恋する動詞111題・021~030

みもち(創作アカ)
@mimochi_sousaku

025. 微笑む:手塚国光

「こーら、そっちはダメよ」

ふと耳にした声に、何気なく窓の外へ視線を投げると、少し離れた木陰で仔猫と戯れている女子を捉えた。

それだけなら、多分、気にも留めない光景。

けれど、その女子というのが、クールで有名なクラスメイトだったので、少なからず驚きを覚えた。

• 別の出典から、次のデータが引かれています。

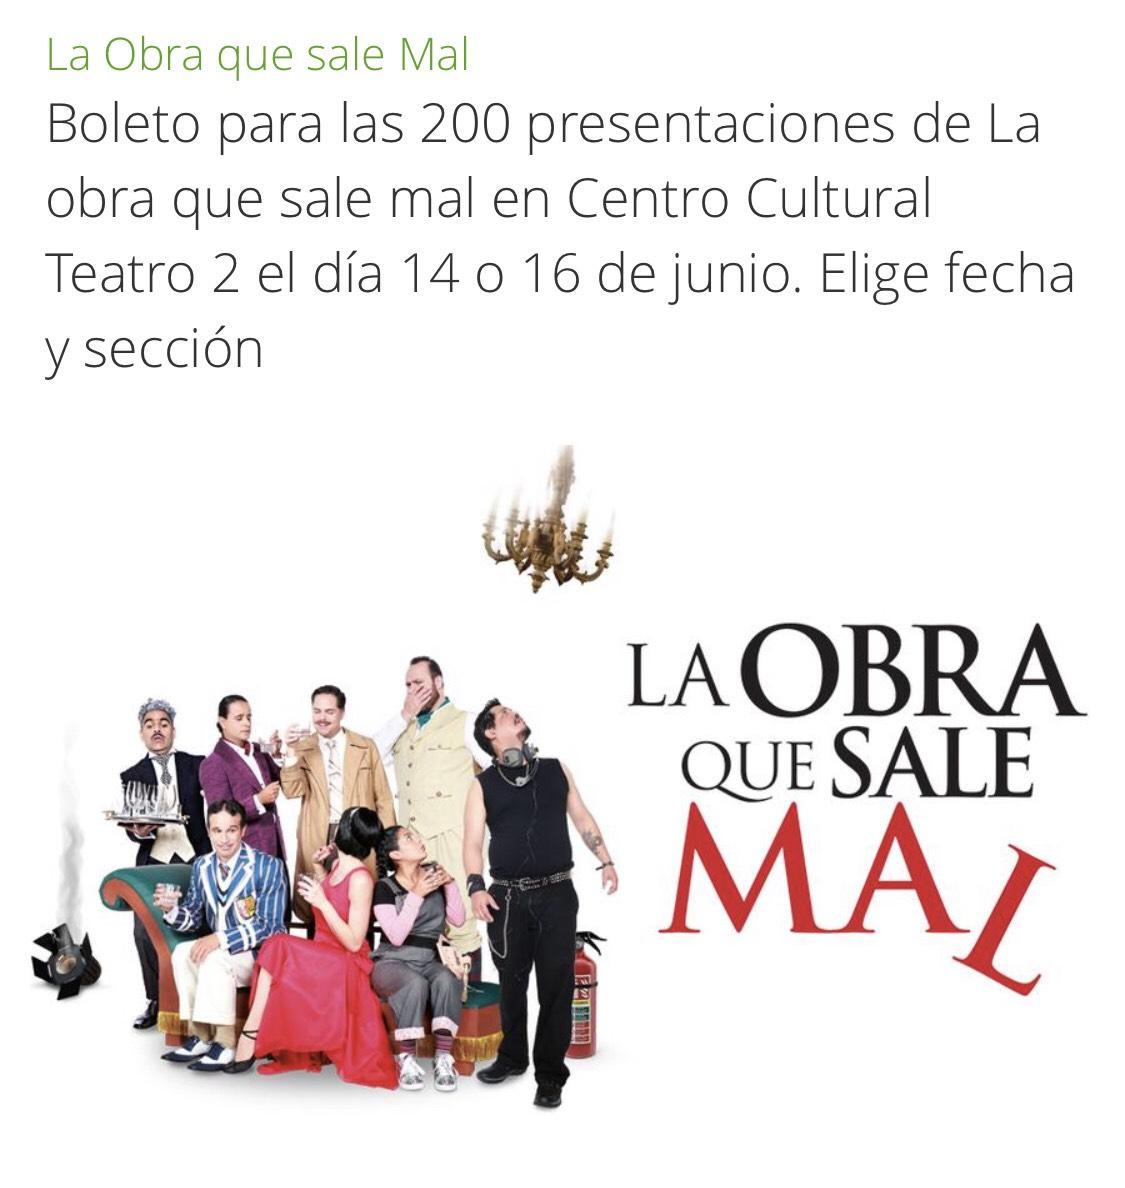 """Groupon: Boleto para las 200 presentaciones de La obra que sale mal en CDMX (Sección """"Orquesta"""")"""

何故なら、彼女の顔に、柔らかい笑みが浮かんでいたからだ。


「ほら、こっちこっち」

言いながら彼女がリボンを揺らすと、それを追いかけて仔猫が飛び跳ねる。

その様子を見守る彼女の顔に、小さな笑顔が次々と生まれていく。


あんな顔が出来たのか。


何となく目を離せずにいたら、唐突に彼女と視線が合った。

彼女はハッとした表情を浮かべる。

見られていたことに対する驚きかと思いきや、どうやら違うようだった。


「手塚くん、そんな顔できるんだ…」

「……そんな顔とは?」

「優しい顔」

自分が知らず微笑んでいたことに気付かされ、決まり悪さを咳払いで誤魔化しながら表情を引き締める。

「その言葉、そっくりお前に返してやる」

仕返しの様にそう言ってやると、彼女も同じ様に動揺し、慌てて表情を引き締めた。


「…笑っていた方が良いんじゃないか」

「手塚くんもね」


普段通りの気難しい顔をお互い暫し見合わせて、それからどちらからともなく、俺たちは再び笑い合った。